Diese Angriffe wirken wie Hammerschläge auf das Bewusstsein. Gemäß einer SRF-Umfrage sagen inzwischen 35 % der Schweizer, dass „der Kapitalismus nicht mehr funktioniert und abgeschafft werden muss“.
Die Sozialdemokratische Partei der Schweiz (SP) und die Gewerkschaftsführung können diesem wachsenden Unmut keinen Ausdruck verleihen. Denn ihre Politik ist reformistisch und ordnet sich in allen entscheidenden Punkten der herrschenden Klasse unter.
Dieses Vakuum muss von Kommunisten gefüllt werden, weshalb unsere Schweizer Genossen im Mai die Revolutionäre Kommunistische Partei gründen werden. Besonders das offene Auftreten als Kommunisten hat ihnen dabei unvergleichliche Erfolge gebracht: In wenigen Monaten ist die Schweizer Sektion der IMT von 18 Ortsgruppen in sieben Städten auf 37 Ortsgruppen in 15 Städten angewachsen. Bei zwei großen marxistischen Schulen haben sich insgesamt 450 Menschen über den „Weg zum Kommunismus“ gebildet.

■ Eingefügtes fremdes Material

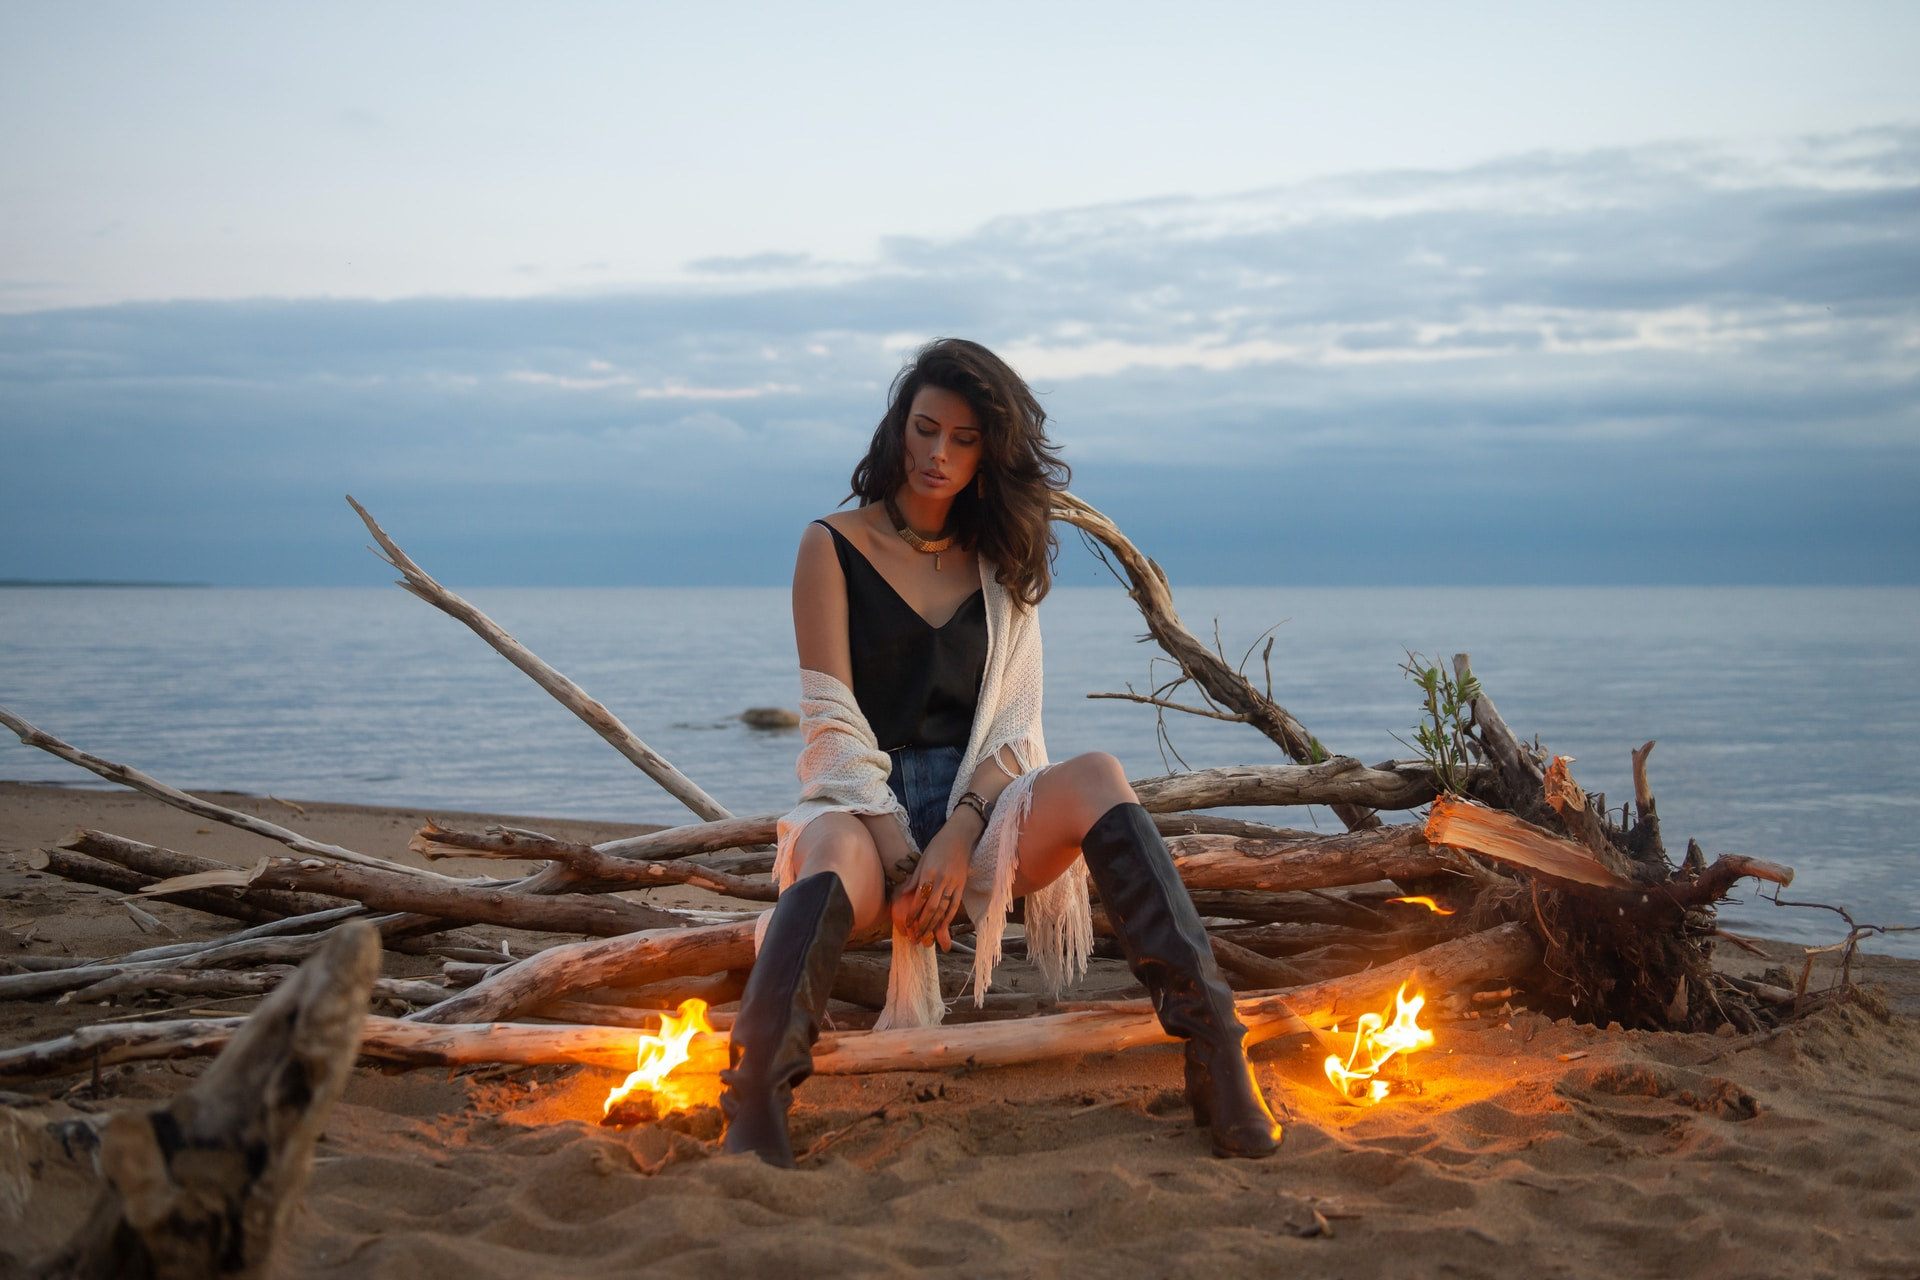 woman in white tank top sitting on brown log near bonfire during daytime

Die Wahrheit ist, dass es in jedem Viertel, Betrieb, Schulklasse und Hörsaal potenzielle Kommunisten gibt, die in der ganzen Schweiz kommunistische Zellen aufbauen können. Die unmittelbare Aufgabe ist es, alle diese isolierten Kommunisten zu erreichen und mit ihnen eine gemeinsame Kampforganisation aufzubauen. Es gilt, einen festen Kern aus professionellen Revolutionären auszubilden, welcher der Schweizer Arbeiterklasse als Offiziersstab der sozialistischen Revolution dienen wird.